» **EXERCISE AIM**: Write out the data word for word and drop any picture you find.

» **RECORDED INFORMATION**:

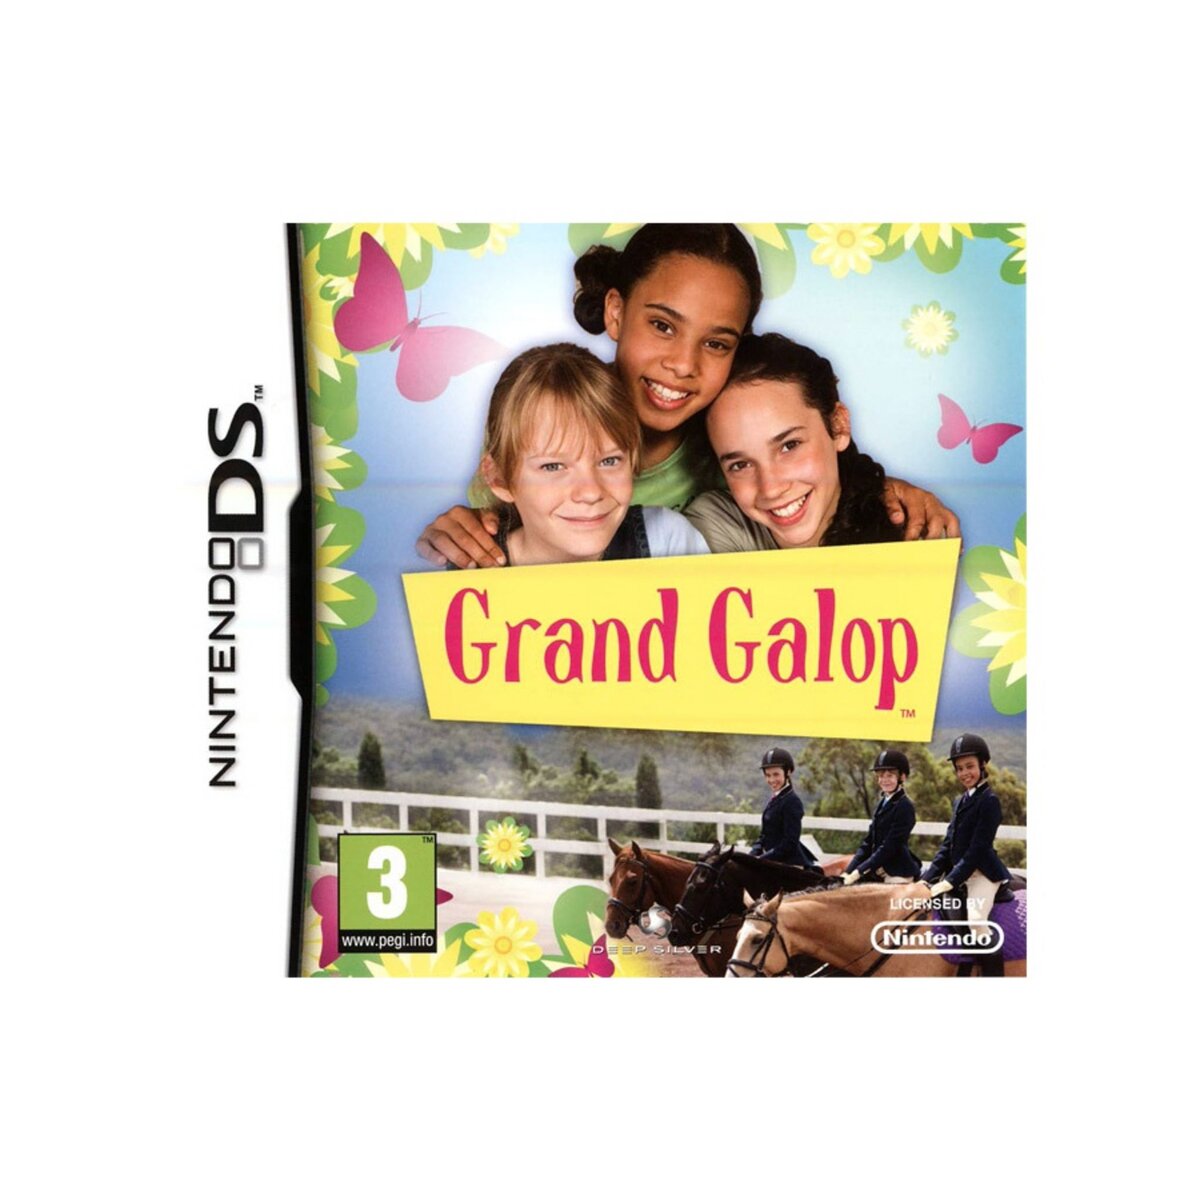 Grand Galop DS
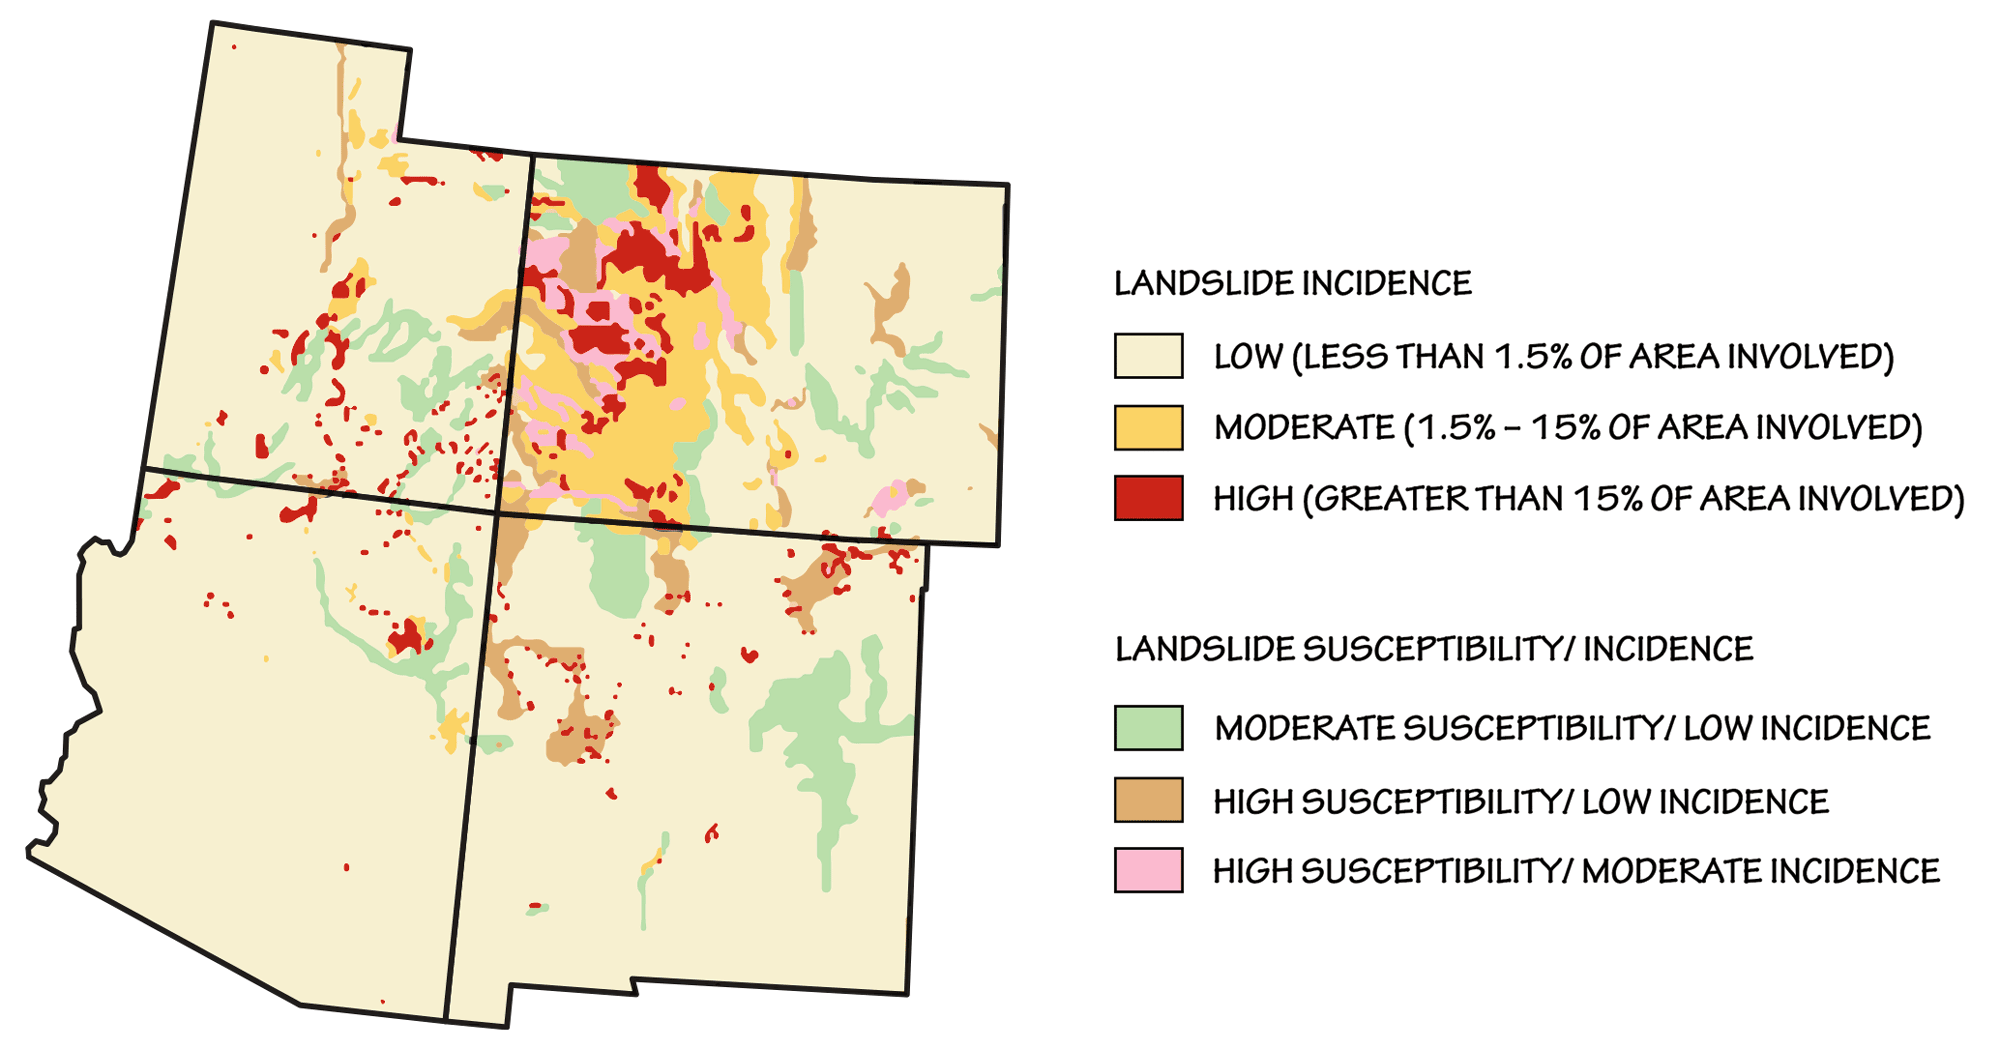 Map showing areas of landslide risk in the southwestern United States.
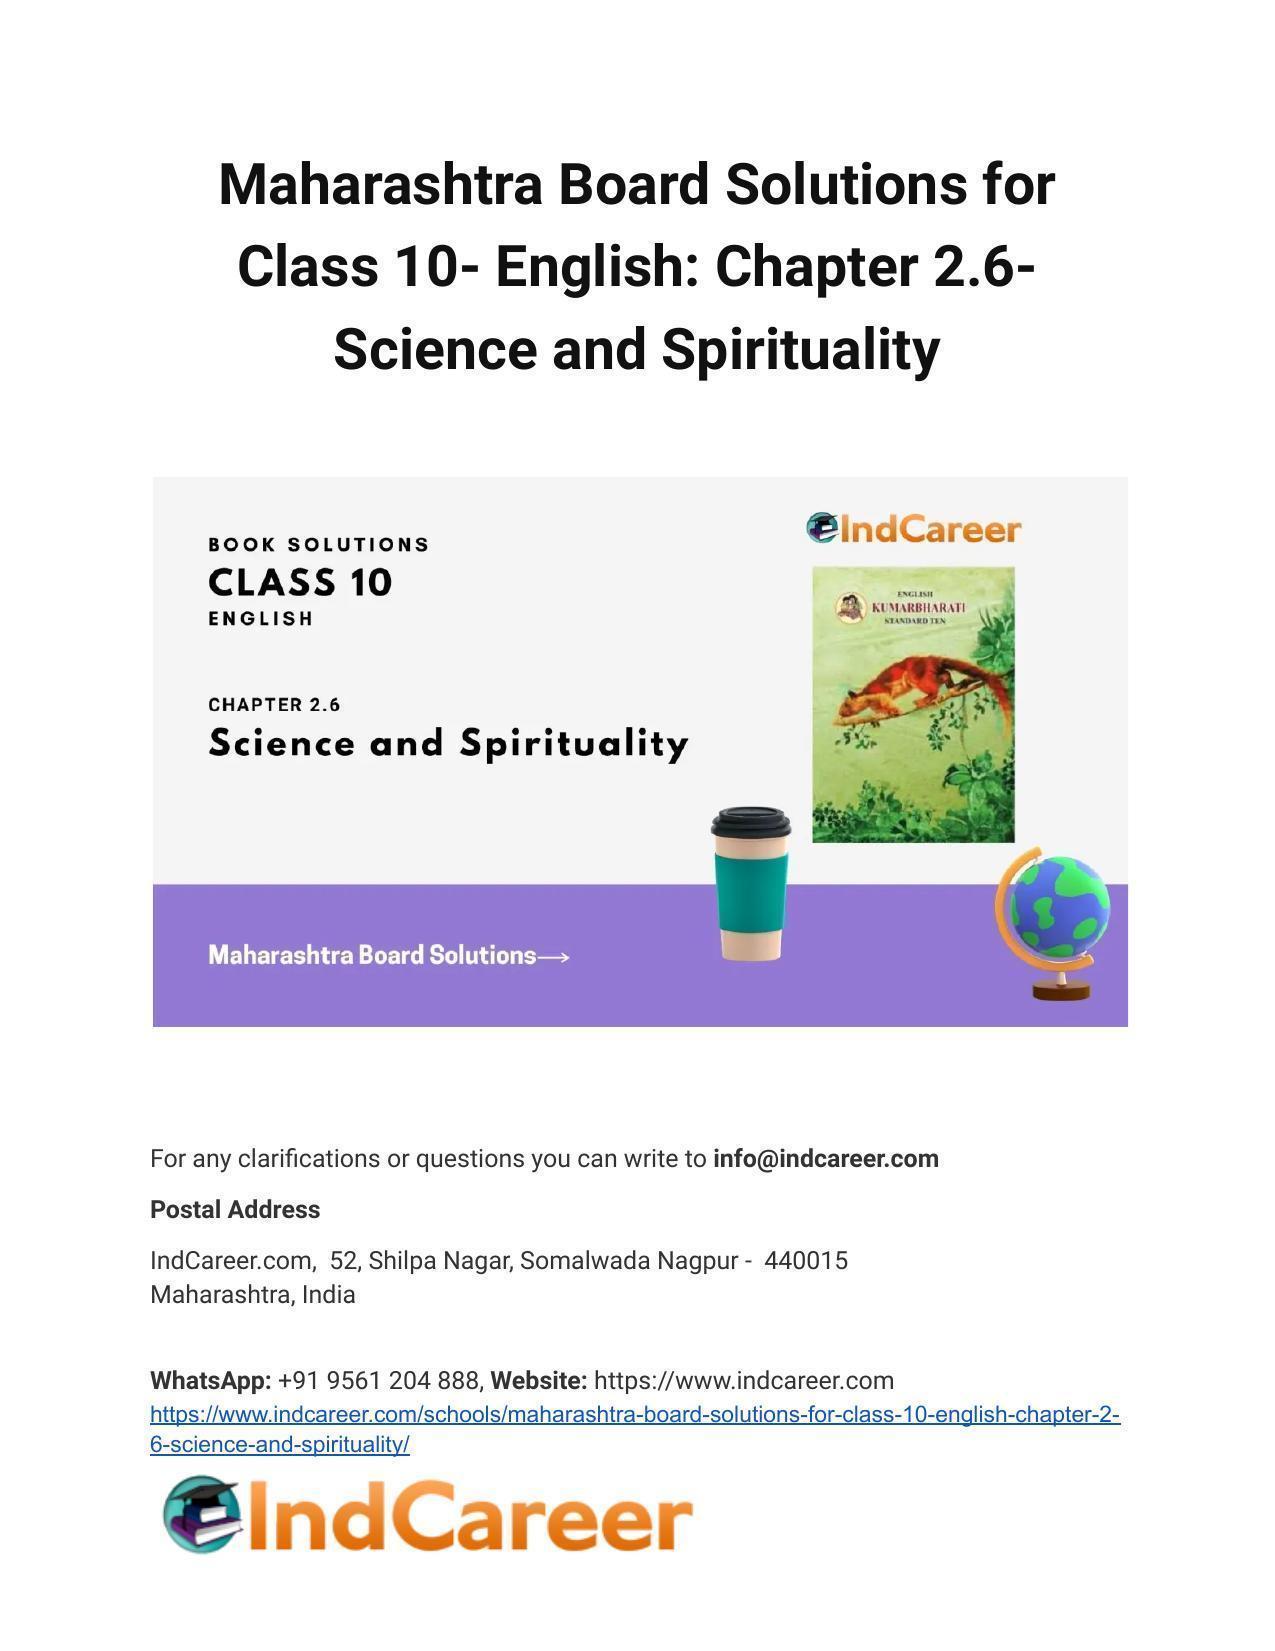 maharashtra-board-solutions-for-class-10-english-chapter-2-6-science-and-spirituality

» **RESPONSE BELOW**:
 Grand Galop DS
 Map showing areas of landslide risk in the southwestern United States.
 maharashtra-board-solutions-for-class-10-english-chapter-2-6-science-and-spirituality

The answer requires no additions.